* [Required action]: Find every line in the records that holds the string "Stockfoto". Copy each one.

Given information: Begin

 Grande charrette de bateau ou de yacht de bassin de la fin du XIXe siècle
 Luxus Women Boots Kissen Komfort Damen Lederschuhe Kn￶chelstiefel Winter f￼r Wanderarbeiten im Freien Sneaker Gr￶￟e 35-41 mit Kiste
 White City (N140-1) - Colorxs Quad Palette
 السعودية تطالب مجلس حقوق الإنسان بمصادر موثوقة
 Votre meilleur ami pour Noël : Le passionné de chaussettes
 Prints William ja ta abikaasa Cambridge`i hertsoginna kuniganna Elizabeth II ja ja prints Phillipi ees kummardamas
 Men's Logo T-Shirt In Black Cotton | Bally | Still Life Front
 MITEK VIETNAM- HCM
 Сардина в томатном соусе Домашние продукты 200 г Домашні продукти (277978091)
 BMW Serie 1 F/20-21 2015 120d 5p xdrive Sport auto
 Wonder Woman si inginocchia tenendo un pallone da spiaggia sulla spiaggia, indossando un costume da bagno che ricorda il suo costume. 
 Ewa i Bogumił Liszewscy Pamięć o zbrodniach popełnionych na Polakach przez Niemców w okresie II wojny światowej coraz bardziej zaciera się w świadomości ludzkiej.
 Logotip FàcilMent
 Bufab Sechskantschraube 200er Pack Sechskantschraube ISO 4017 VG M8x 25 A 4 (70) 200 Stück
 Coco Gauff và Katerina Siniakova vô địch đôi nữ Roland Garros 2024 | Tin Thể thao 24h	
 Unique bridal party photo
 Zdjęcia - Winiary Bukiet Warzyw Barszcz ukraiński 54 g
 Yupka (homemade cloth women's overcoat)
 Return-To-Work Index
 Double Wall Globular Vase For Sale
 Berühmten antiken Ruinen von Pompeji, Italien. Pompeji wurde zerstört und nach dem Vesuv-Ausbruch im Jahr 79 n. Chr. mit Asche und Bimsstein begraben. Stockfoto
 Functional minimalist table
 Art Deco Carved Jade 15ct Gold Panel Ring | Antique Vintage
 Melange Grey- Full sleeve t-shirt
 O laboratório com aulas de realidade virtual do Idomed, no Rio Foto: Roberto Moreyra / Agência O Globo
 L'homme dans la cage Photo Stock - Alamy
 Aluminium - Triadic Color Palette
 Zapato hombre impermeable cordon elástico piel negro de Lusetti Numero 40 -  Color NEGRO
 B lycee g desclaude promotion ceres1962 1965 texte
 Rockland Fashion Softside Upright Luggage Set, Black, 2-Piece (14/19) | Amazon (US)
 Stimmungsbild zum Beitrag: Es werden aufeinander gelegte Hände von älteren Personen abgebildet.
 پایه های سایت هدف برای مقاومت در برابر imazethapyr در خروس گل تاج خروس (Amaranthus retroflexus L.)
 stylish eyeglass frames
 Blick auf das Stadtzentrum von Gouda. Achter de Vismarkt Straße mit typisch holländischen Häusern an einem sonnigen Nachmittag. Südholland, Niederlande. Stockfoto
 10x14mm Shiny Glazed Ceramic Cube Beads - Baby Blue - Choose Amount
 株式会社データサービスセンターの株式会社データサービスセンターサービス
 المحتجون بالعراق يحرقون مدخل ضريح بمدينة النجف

Given information: End

* [Written answer]:
 Berühmten antiken Ruinen von Pompeji, Italien. Pompeji wurde zerstört und nach dem Vesuv-Ausbruch im Jahr 79 n. Chr. mit Asche und Bimsstein begraben. Stockfoto
 Blick auf das Stadtzentrum von Gouda. Achter de Vismarkt Straße mit typisch holländischen Häusern an einem sonnigen Nachmittag. Südholland, Niederlande. Stockfoto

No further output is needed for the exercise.